В этот момент в большой светлице появились бабы-певчие. Одна из них затянула свадебную песню:
Не по бережку добрый конь идёт,
Конь головушкой покачивает,
Золотой уздой побрякивает,
Удилами наговаривает.
Две другие бабы, наряженные в яркие летники, в высоких кокошниках подхватили песню, распевая ее на несколько голосов:
За конём идёт удалой молодец,
Ох, разудалой, удалинькай,
(а) расхороший парень, бравенькай,
Ох, по именю Семенушка,
Ох, по отечеству Леонтьевич-душа.
Ох, за собою ведёт судьбу свою,
Ох, судьбу красную девушку,
Ох, что по именю-то Олюшка,
Ох, по отечеству Ивановна-душа.
Они сойдутся близёшенько,
Ой, что поклонются низёшенько,
Ох, поцелуются милёшенько.
Усадьба Артемьева располагалась в центре Астрахани в Стрелецком переулке. Владения состояли из большого двора, просторных хором из нескольких особняков, конюшни, амбаров и дюжины больших изб для слуг. В главных хоромах находились гостевая светлица – гридня, приемные покои, кабинет Тихона, спальни для гостей. Дом был двухэтажный, деревянный, величавый и возвышался в парадной части усадьбы. От него тянулись крытые сени в два других дома. Женские хоромы располагались в глубине двора и имели высокий терем и много светлиц с красными окнами. Справа стоял другой хозяйский дом, в котором жили сыновья Тихона и дальние родственники мужского пола. В глубине владений был разбит небольшой сад, с грушами и яблонями. Хоромы и двор окружал высокий частокол из массивных бревен, заостренных к верху. Добротные дубовые ворота имели железный запор, способный выдержать непрошеных гостей.
Немного угорев в наполненной народом светлице, Слава вышла на двор. Она остановилась у высокого каменного крыльца, укрывшись под березой, росшей у дома. Вечер был ясный, и озаренное вечерним закатом небо алело насыщенным красным отсветом. Девушка долго стояла, подняв лицо, созерцая оранжевый небосклон и слушая свадебные песни. В какой-то момент она вдруг отчетливо различила, как скрипнула под чьими-то ногами ветка. Она резко обернула голову и тут же отметила в шаге от себя Федора, который неслышно приблизился сзади.

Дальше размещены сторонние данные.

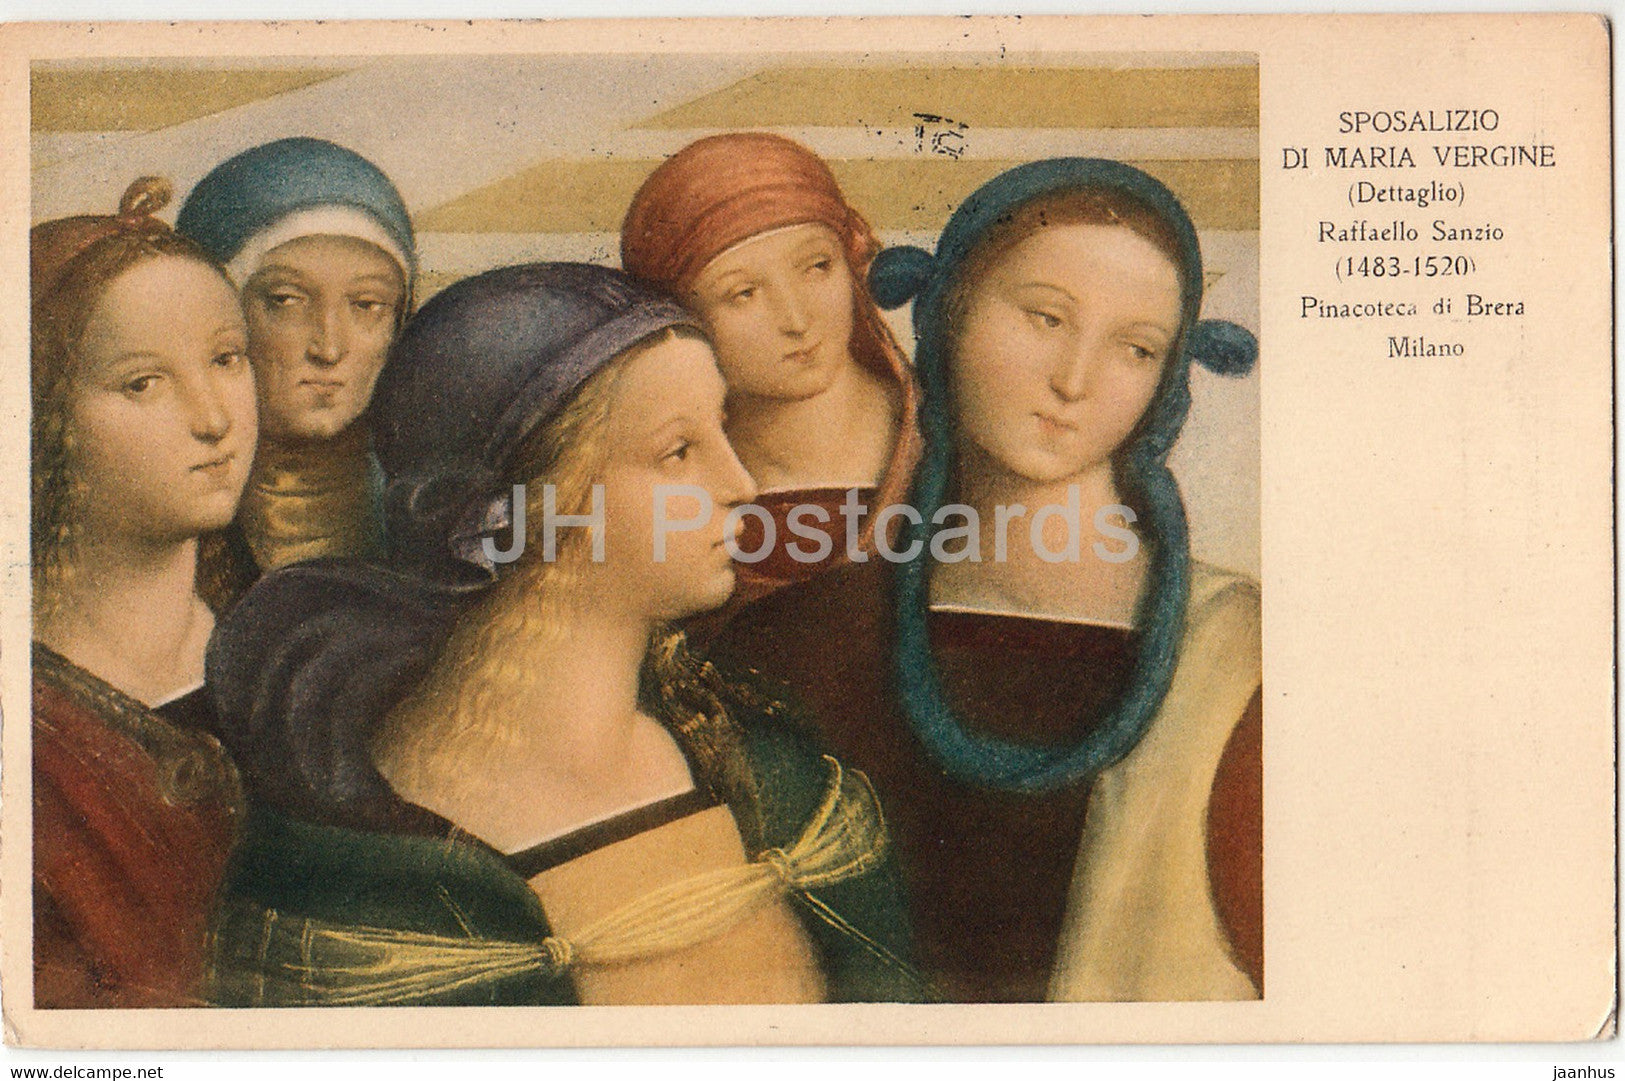 painting by Raphael - Sposalizio di Maria Vergine - Virgin Mary - Italian art - old postcard - 1931 - Italy - used - JH Postcards
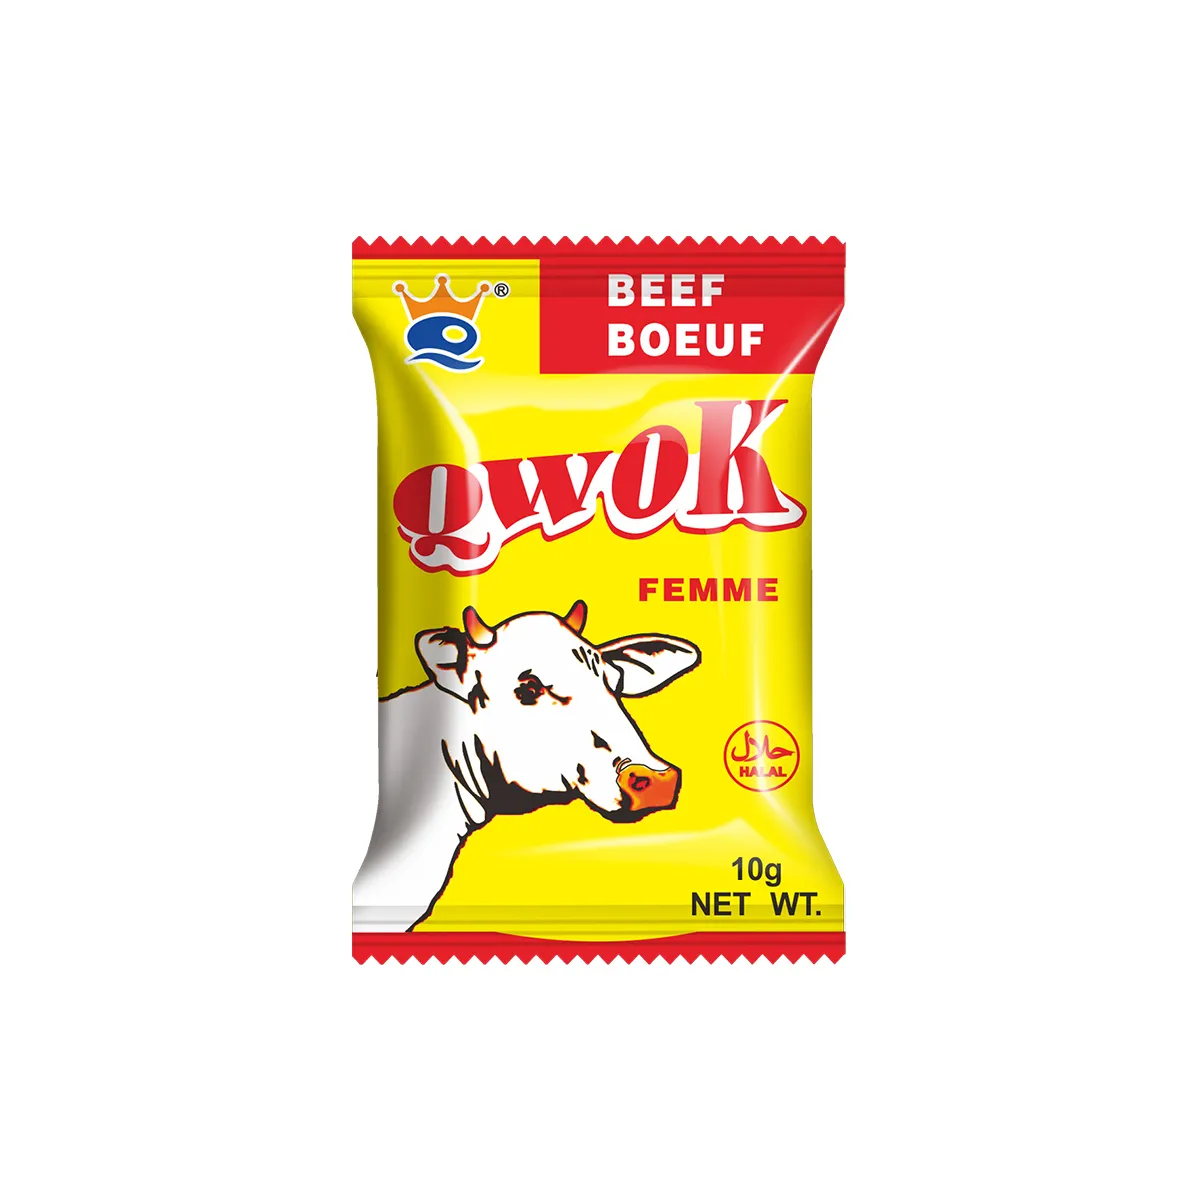 qwok series granular beef essence

– Ты это, Светланка, погулять вышла? – спросил Федор и невозможно призывно улыбнулся девушке, явно пытаясь понравиться.
Слава ощутила неприятный опасный настрой, исходивший от молодого человека, и чуть попятилась от него, ударилась спиной о березу.
– Я немного угорела в горнице, – тихо ответила она.
– Пойдем со мной до реки пройдемся? – вдруг предложил он, приблизившись к ней вплотную.
Девушка отчетливо отметила странный блеск в его темных глазах. От молодого человека сильно разило вином, и это вызвало у Славы чувство омерзения. Она напряглась и нахмурилась.
– Зачем это? – удивилась она.
– Как зачем? Погуляем немного да вернемся.
– Не пойду я с тобой никуда, Федор.
Этот разговор начал напрягать ее, и она попыталась отойти. Но Федор быстро выкинул вперед руку и чуть придержал ее за плечо.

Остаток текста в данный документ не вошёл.